Today I attended the Hot Chips 2009 conference, where I was introduced to OpenCL*. I'd never heard of OpenCL before, but it's totally hot and I will tell you why.

What is OpenCL?

OpenCL (Open Computing Library) is an open and free API that lets your programs efficiently leverage all of the computing power in your computer, including multiple CPU cores, vector computation units, GPUs, Cell coprocessors, DSPs, etc. OpenCL programs, called kernels, are written in a variant of C and are automatically scheduled across your available hardware. Your customers don't have a GPU but their processor has 2 or 4 cores? No problem: OpenCL will utilize that spare power.

In addition, OpenCL specifies 4-, 8-, and 16-wide SIMD vector types, meaning it can easily leverage both the vector computation units on GPUs and extended vector instruction sets on CPUs, such as SSE and AVX. (Looking forward to Larrabee.)

With OpenCL, Apple and the Khronos Group are cleanly solving two clear market needs: we have increasing amounts of computational hardware available to us, but each bit of hardware is a bit different, with separate APIs, performance, and instruction sets. As much as possible, OpenCL unifies the interface to this hardware.

It's true that GPUs and CPUs have different performance characteristics, but the same types of programs run efficiently on both: do way more math than memory loads and split your program into large parallel chunks.

Where do I get it?

The major vendors are starting to provide OpenCL implementations:

Intel's on the way, I'm sure. I expect we'll see an OpenCL implementation on Larrabee as well.

How do I use it?

OpenCL programs are called kernels -- functions that run in parallel across large amounts of data. You're given a lot of freedom: OpenCL uses a variant of the C99 programming language, with only a handful of restrictions.

If you find that too onerous, you can use OpenCL with native functions you've already written!
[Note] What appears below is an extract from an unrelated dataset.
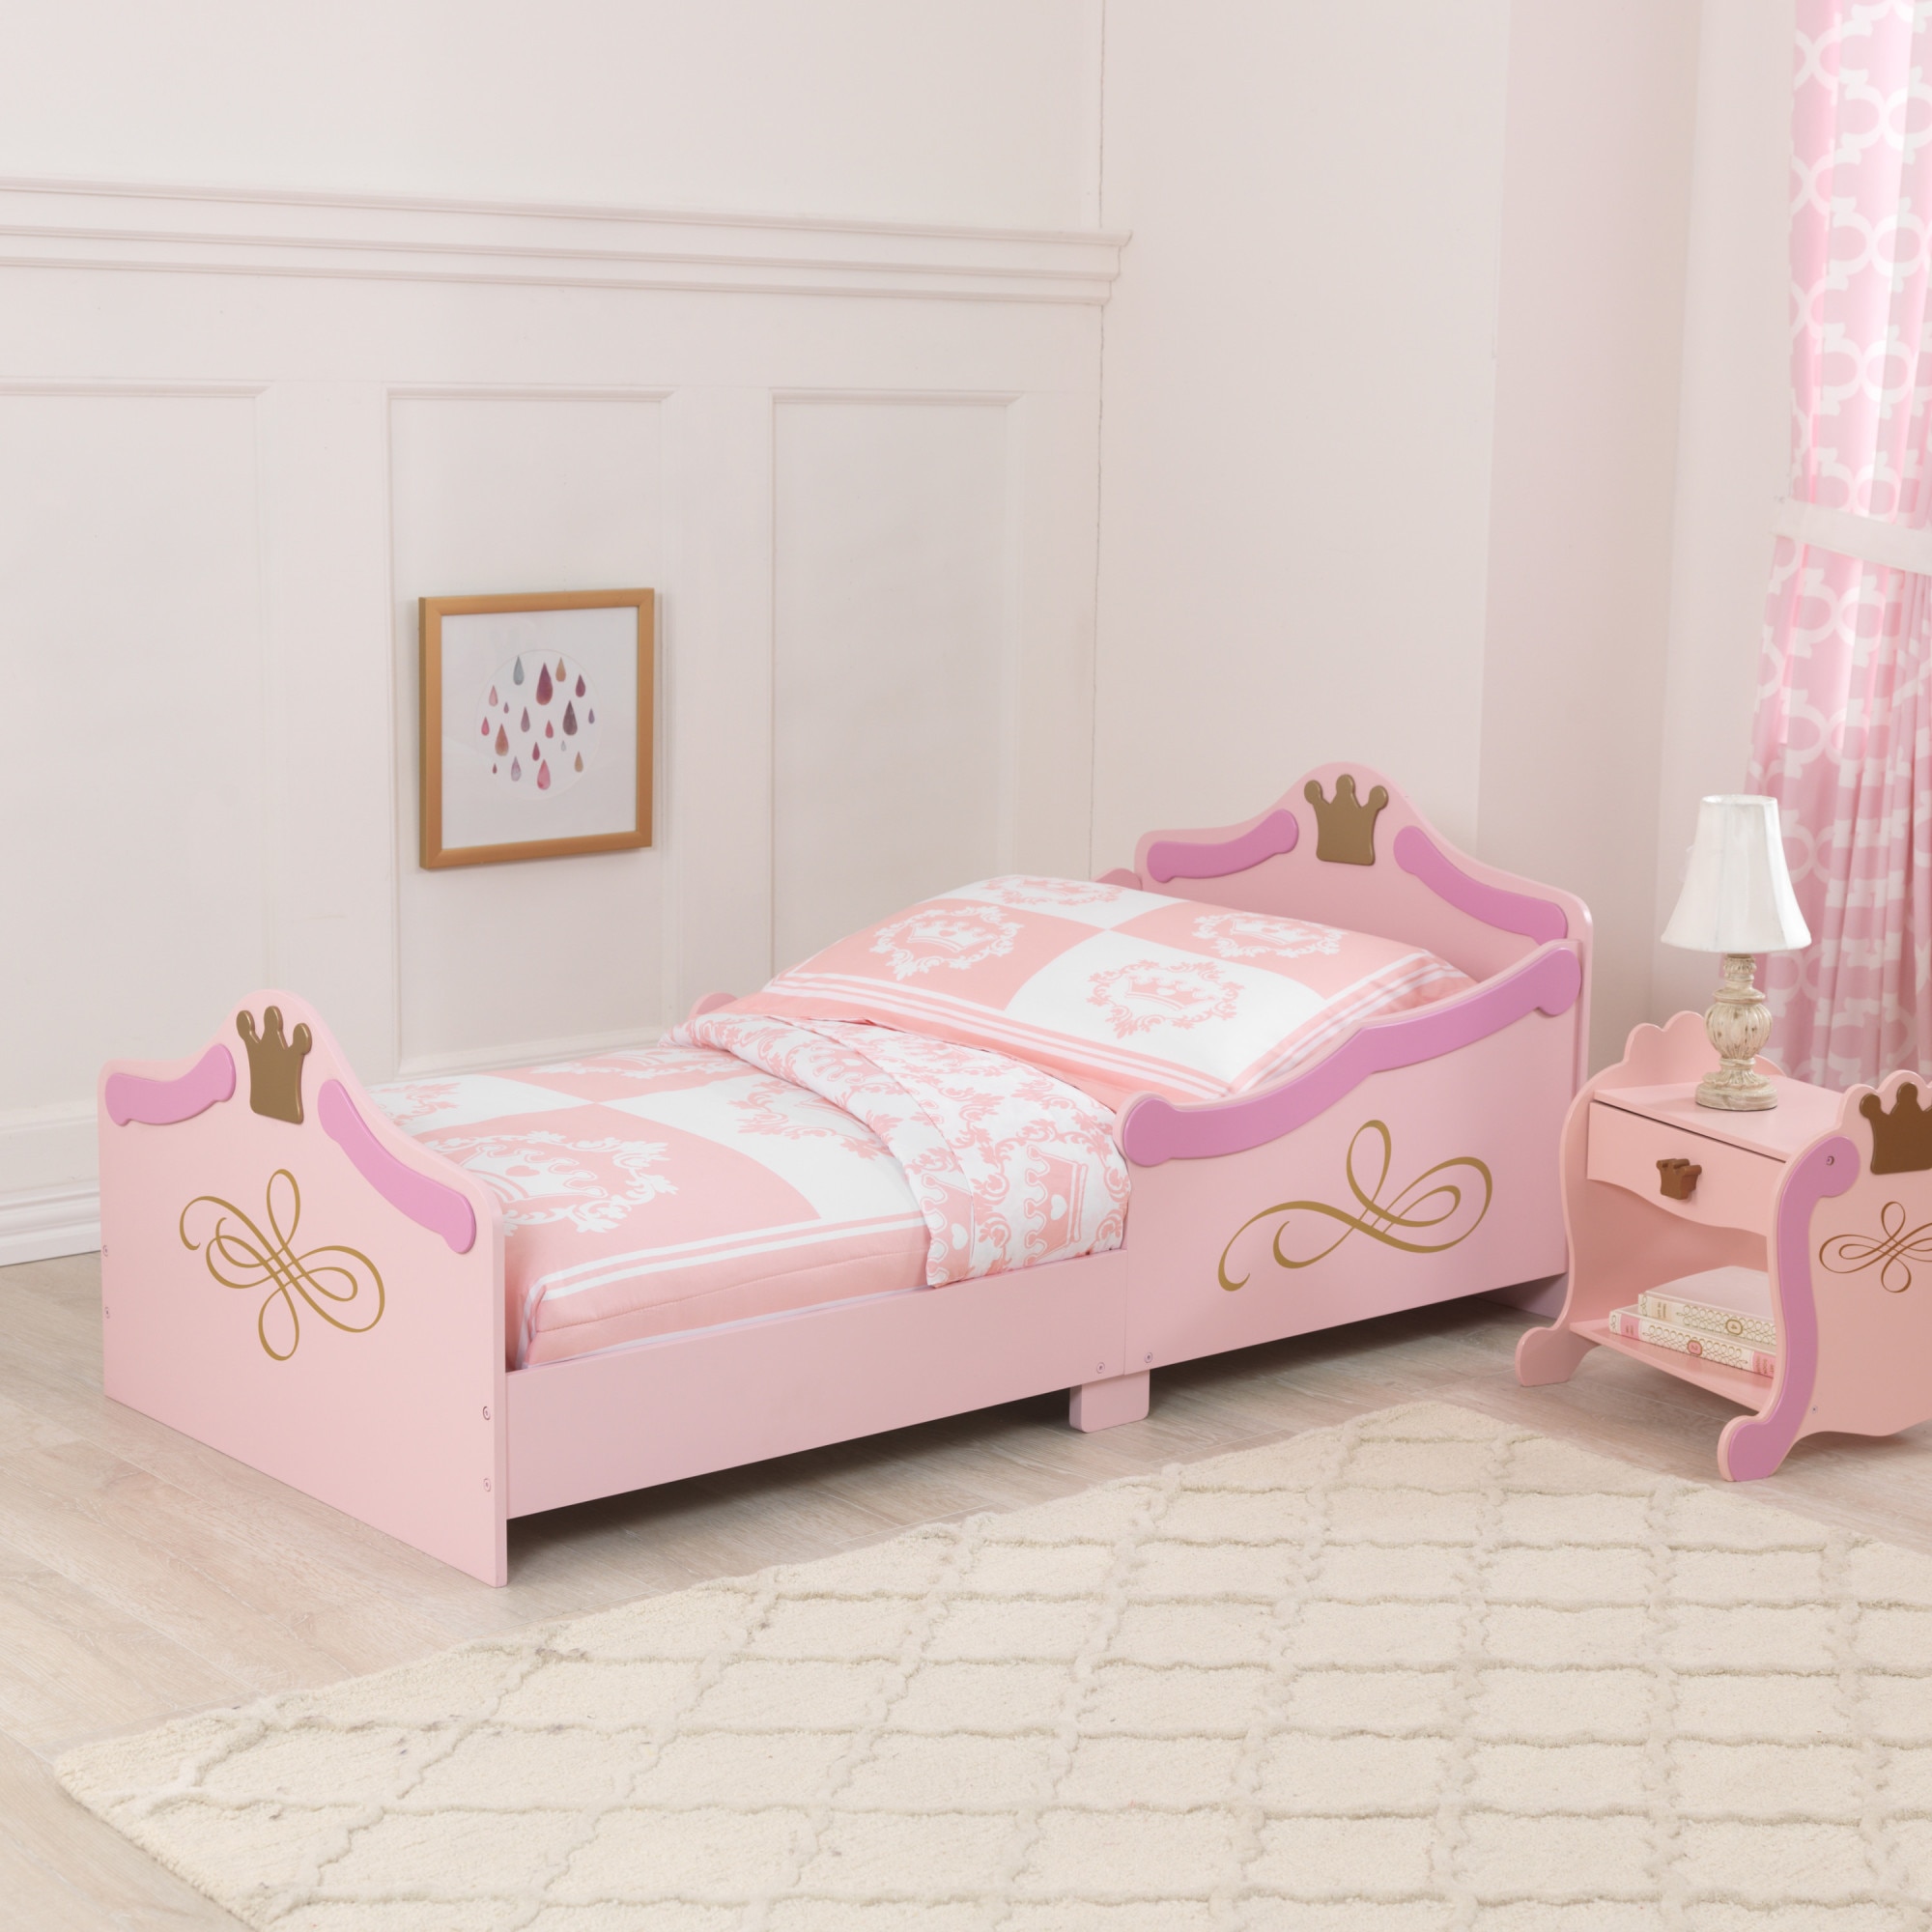 Детская принцесса. Кровать kidkraft принцесса. Кровать детская kidkraft пожарная машина 76031_ke. Кровать для принцессы хофф. Кроватка принцесса Арника.

Just let it schedule your tasks and manage task dependencies to easily get started running code on multiple cores.

I won't go into the details of the memory model or API; you can look that up on Google. However, here's an example kernel:

kernel void square(
    global float* input,
    global float* output
) {
    int i = get_global_id(0);
    output[i] = input[i] * input[i];
}

It squares a bunch of numbers in an array, storing the results in an output array. This trivial example will easily consume all of the compute power in your system. (Defining compute to mean ALU + memory, of course...)

Next Steps

I hope that's enough information to get you excited about OpenCL! OpenCL is a huge step towards transparently leveraging additional cores, vector instructions, and GPUs.
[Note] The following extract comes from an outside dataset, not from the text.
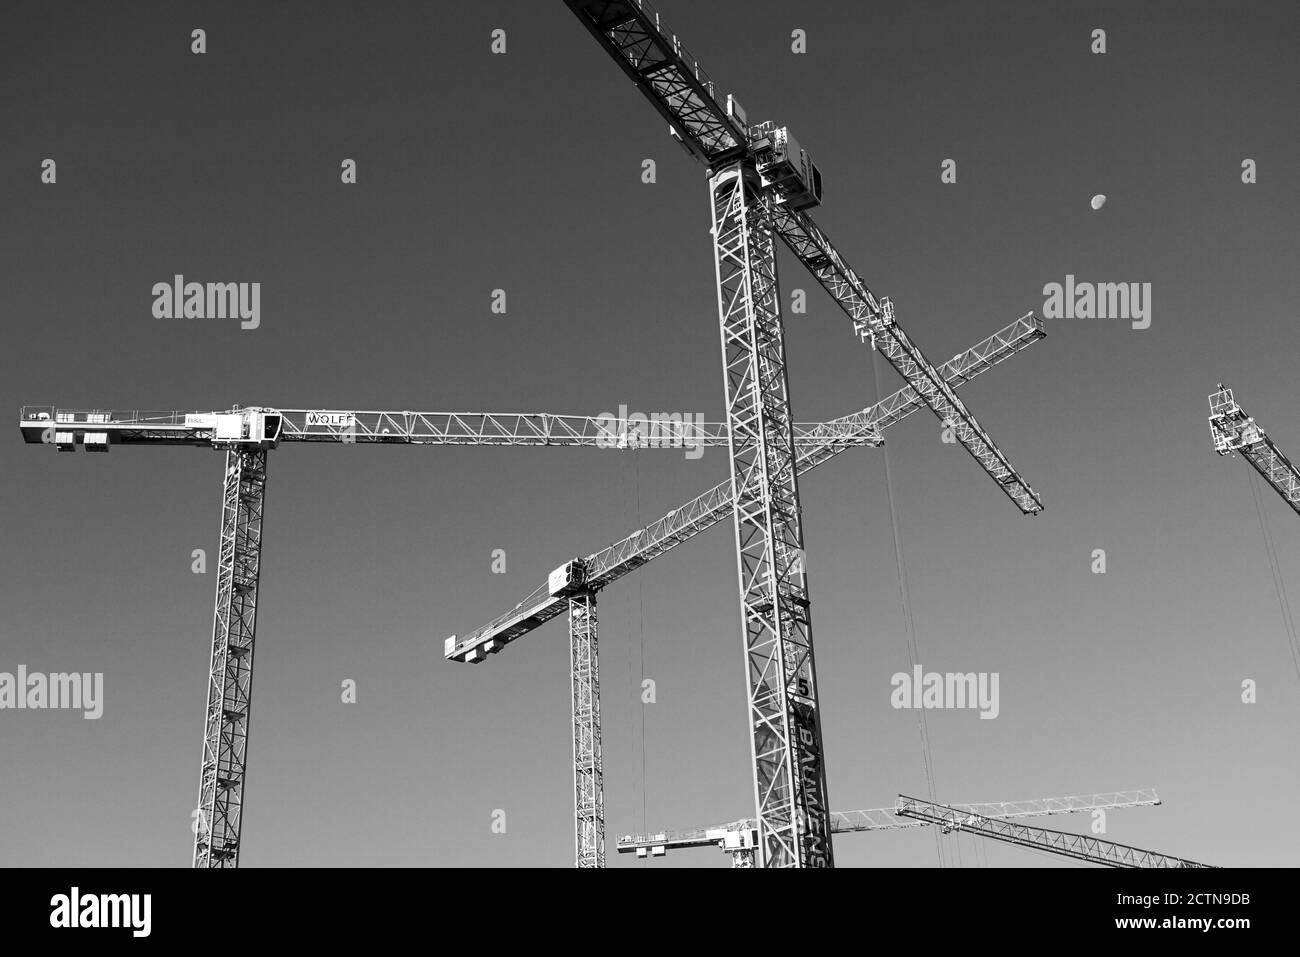 Plusieurs grues de construction sur un site de construction en noir et blanc Banque D'Images

* Full disclaimer: I have never actually used OpenCL, but I've definitely struggled with the problems it solves. The IMVU client has some optimized inner loops that we've hand-implemented for the GPU, SSE, or C-compiled x87 code. Unfortunately, we have had to manually select between those code paths based on the capabilities of the hardware. This sucks. With even decent OpenCL implementations, we could avoid all of that work and transparently benefit from future hardware improvements.